Linear Regression with SGD in Machine Learning
What is Linear Regression?
Linear Regression is a basic supervised learning algorithm in machine learning. Its job is to predict a continuous output (target value) from input features (variables). In simple words, it fits a straight line to the data points so that it can predict future values.
In mathematical form, the model is:
y = w * x + b
- y: Predicted value (target)
- x: Input feature
- w: Weight (slope of the line)
- b: Bias (intercept)
The goal here is to find the best w and b so that the predicted y is close to the actual y. For this, we use a loss function like Mean Squared Error (MSE):
MSE = (1/n) * Σ (y_actual – y_predicted)^2
We need to minimize this.
What is SGD (Stochastic Gradient Descent)?
Gradient Descent is an optimization technique that minimizes the loss function by iteratively updating the parameters (w and b). In normal (Batch) Gradient Descent, the entire dataset is used in every iteration, which can be slow for large datasets.
Stochastic Gradient Descent (SGD) is a variant of it. Here, in each iteration, only one random data point (sample) is used to calculate the gradient. This makes training faster, but due to noisy updates, convergence happens in a zig-zag manner, yet it gives good results overall on large datasets.
Update rule for SGD:
- Weight update: w = w – learning_rate * (gradient of loss w.r.t. w)
- Bias update: b = b – learning_rate * (gradient of loss w.r.t. b)
Learning rate is a hyperparameter that controls the step size.
How Does Linear Regression with SGD Work?
To train Linear Regression, we use SGD to minimize the loss (MSE). Unlike Batch GD, SGD updates on one sample at a time, which is efficient. In scikit-learn, SGDRegressor does exactly this – it trains a linear model using SGD.
Example
Suppose we have data of house size (in sq ft) and price (in lakhs):
- Size: 1000 sq ft, Price: 20 lakhs
- Size: 1500 sq ft, Price: 30 lakhs
- Size: 2000 sq ft, Price: 40 lakhs
- Size: 2500 sq ft, Price: 50 lakhs
We will train the model so that it can predict the price for a new size. SGD will randomly pick one sample, calculate the loss, and update w/b. After multiple epochs (iterations), the line will fit something like price = 0.02 * size + 0 (approx).
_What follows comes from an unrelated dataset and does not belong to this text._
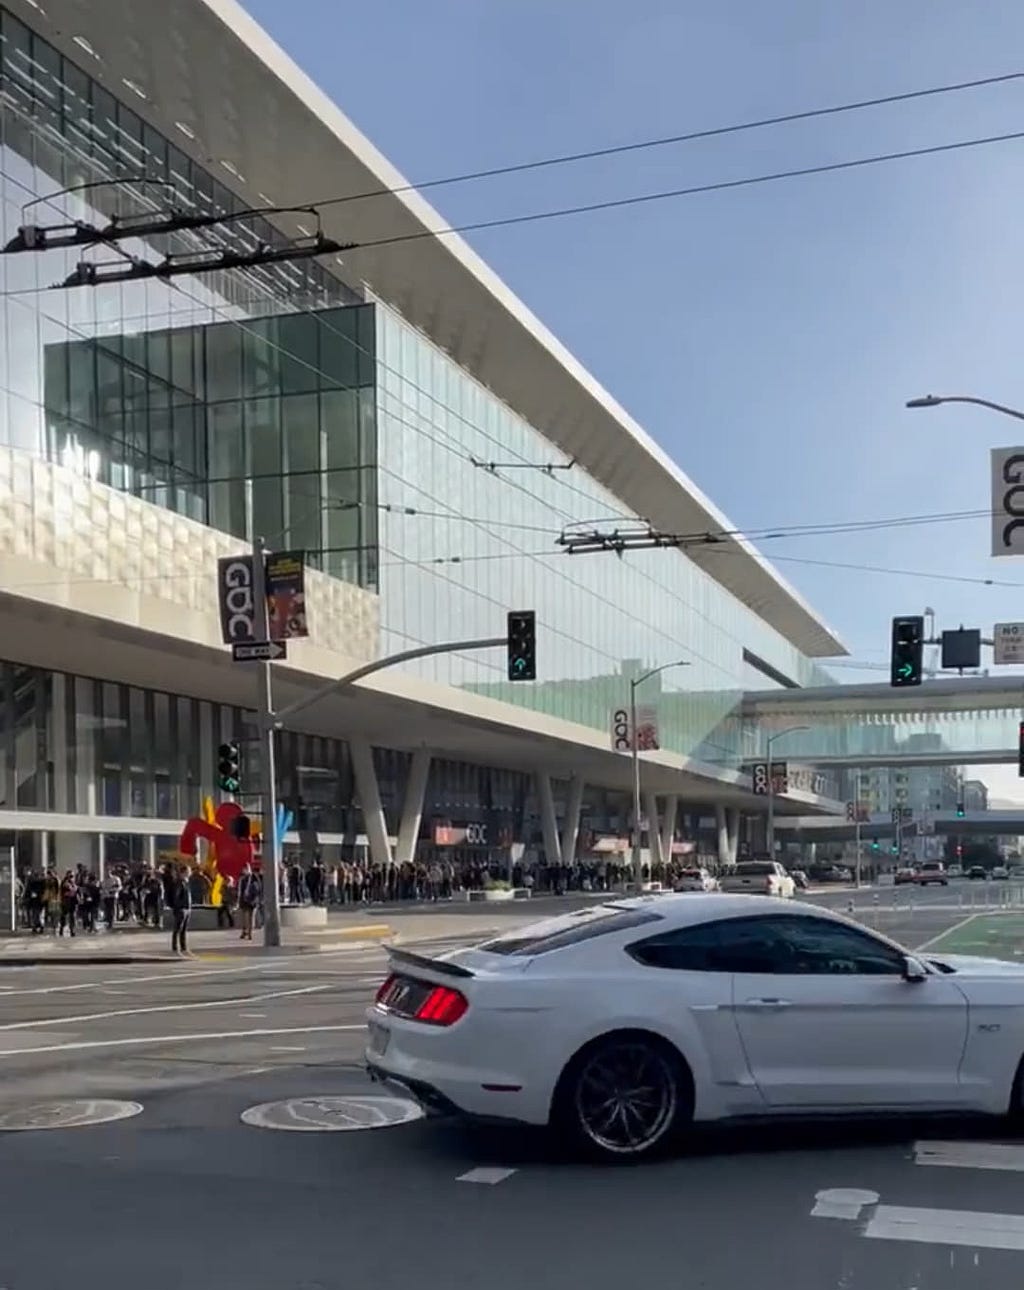 An image of the outside of the Moscone Convention Center during GDC. The line of people waiting to pick up badges wrapped around the block.

Now predict: For size 1800 sq ft, price ~36 lakhs.
Python Code Example
Here is a simple Python code using scikit-learn (a machine learning library). We will create data with numpy and use SGDRegressor.
import numpy as np
from sklearn.linear_model import SGDRegressor
from sklearn.preprocessing import StandardScaler
from sklearn.metrics import mean_squared_error
# Sample data: House size (features) and price (target)
X = np.array([[1000], [1500], [2000], [2500]]) # Features (size in sq ft)
y = np.array([20, 30, 40, 50]) # Target (price in lakhs)
# Scale features (important for SGD)
scaler = StandardScaler()
X_scaled = scaler.fit_transform(X)
# Create SGD Regressor model
model = SGDRegressor(max_iter=1000, tol=1e-3, learning_rate='constant', eta0=0.01) # eta0 is learning rate
# Train the model
model.fit(X_scaled, y)
# Predict on new data
new_size = np.array([[1800]]) # New house size
new_size_scaled = scaler.transform(new_size)
predicted_price = model.predict(new_size_scaled)
print(f"Predicted price for 1800 sq ft: {predicted_price[0]} lakhs")
# Check MSE on training data
y_pred = model.predict(X_scaled)
mse = mean_squared_error(y, y_pred)
print(f"Mean Squared Error: {mse}")How to Run It?
- Install scikit-learn if not already:
pip install scikit-learn. - Run the code, you will get output like Predicted price ~36 lakhs, and low MSE.
In this code:
- Prepared the data.
- Scaled the features (necessary for SGD).
- Trained the model with SGD.
- Made predictions and checked error.